Oftentimes, especially in hospitals, patients will have what is called a jp drain (which is an acronym for Jackson Pratt drain). This little device helps drain unwanted fluid out of a surgical site. It is a very simple concept and is very easy to care for.
Certified nursing assistants can often empty them but depending on where you are, it may be the nurse's job to care for it. If you are not authorized to empty it, don't. Even if your nurse tells you to, explain to them that it is not within your scope of practice. Doing so could get you into trouble.
Emptying one is not a difficult task. I use a urine specimen cup to get an accurate measurement on the amount emptied. Depending on how full it is will determine the best way to pop the cap off.
If it is still slightly deflated, grip the drain, pop the cap, and slowly let off your grip to let it slowly inflate.

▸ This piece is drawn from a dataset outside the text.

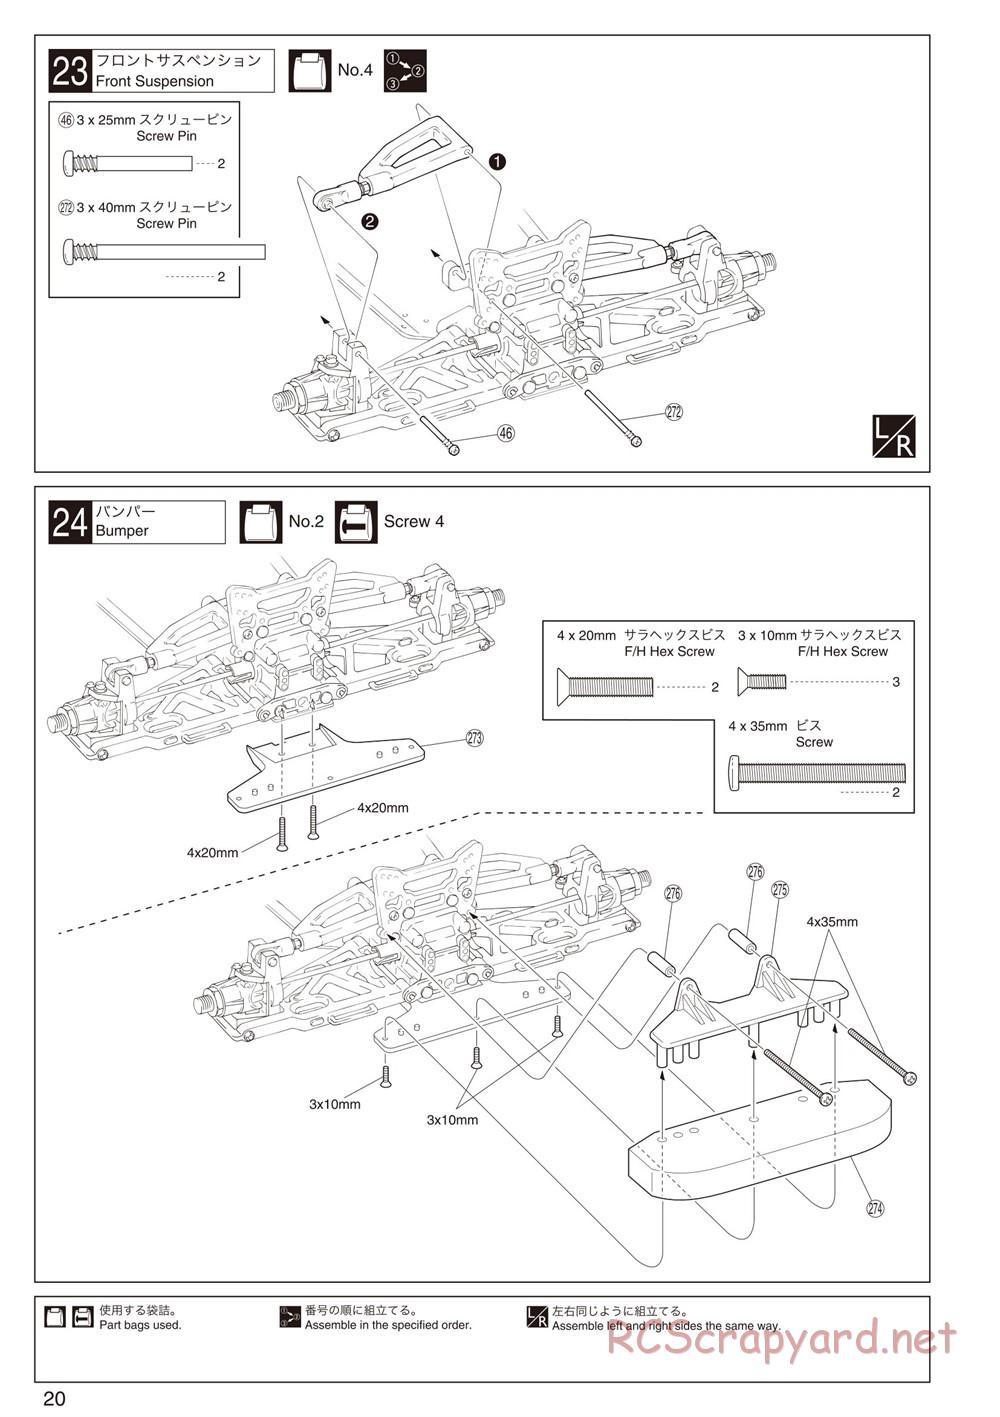 Kyosho - Inferno GT2 - Manual - Page 20

This will prevent air from quickly rushing in and pushing fluid out. If it is fully inflated, then you should be able to pop the cap off without gripping the drain since you won't have to ease air into it.

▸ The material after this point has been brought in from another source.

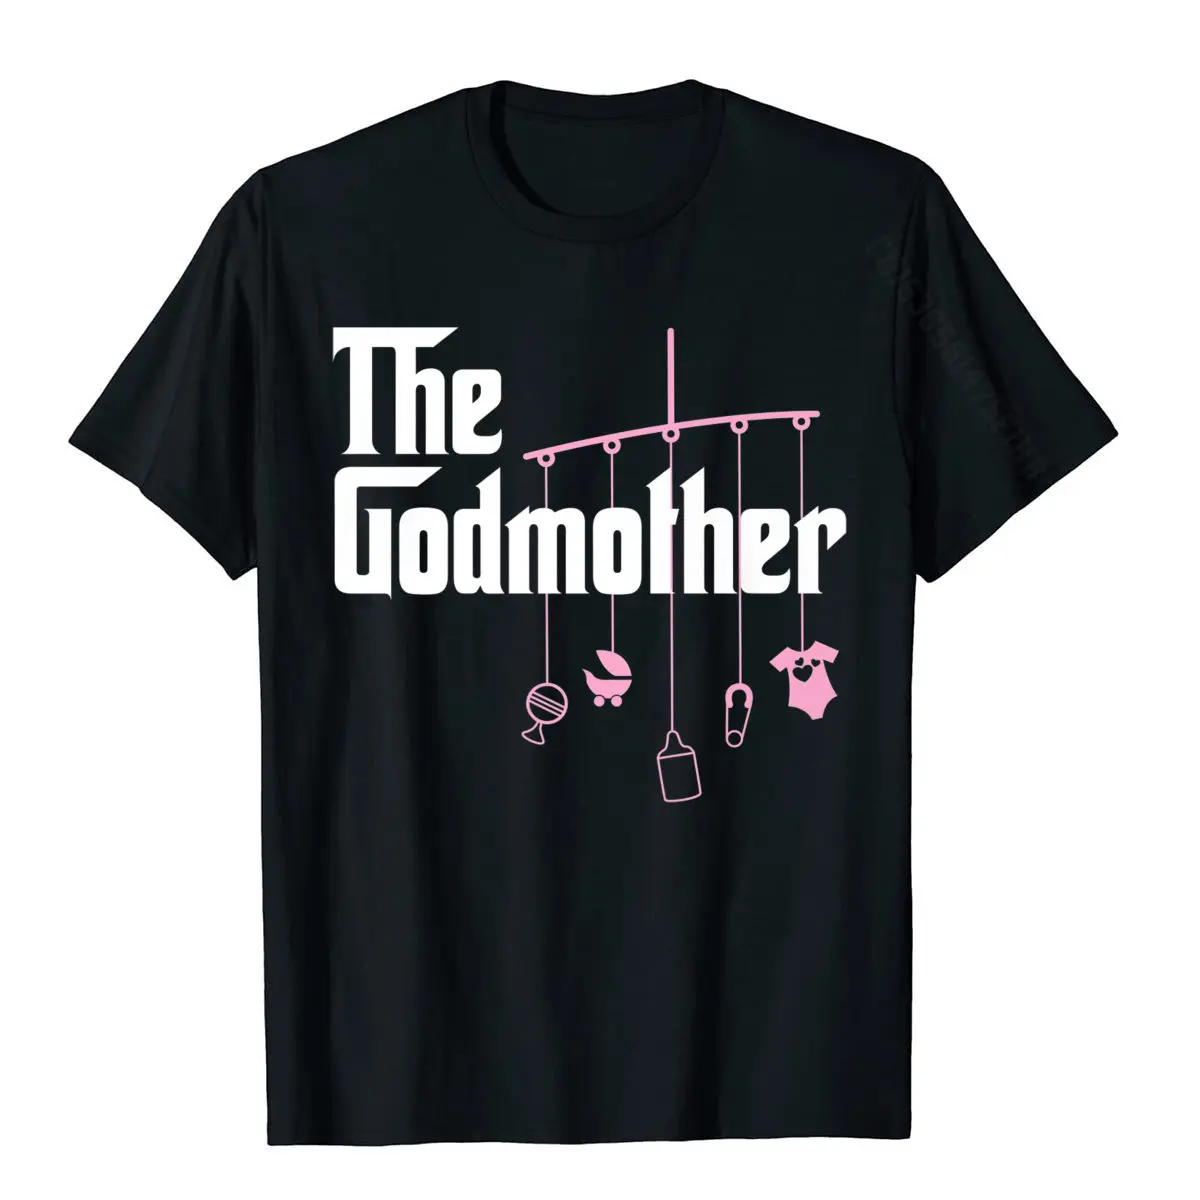 2021 New Fashion Slim Fit Normal Short Sleeve T Shirt Summer Autumn Crewneck Pure Cotton Tees for Boys Tops & Tees Personalized The Godmother of New Baby Gir Funny Pun Gift Premium T-Shirt__910 black

Either way, be weary of fluid squirting out from built up pressure. I issue this warning from experience. I have gotten this fluid on my face before from a build up of pressure. If this happens, wash your face thoroughly and alert the patient's nurse for further instructions. Depending on the patient's condition, you may have to take further action to protect yourself from infection.
Flip the drain upside down and slowly squeeze the fluid into the specimen cup. Measure the contents and then flush them down the toilet. Be sure to rinse out the container so it can be reused.
Sometimes, a blood clot will get stuck in the drain. This is completely normal and is nothing to get worried about. If this happens and you can't seem to squeeze it out, get a paper towel or washcloth and pull it out.
The proper way to put the cap back on is to slowly squeeze all of the air out of it that you can first and then put the cap on it. It should look flat and deflated. If it is not done this way, there won't be enough suction for the fluid to drain properly.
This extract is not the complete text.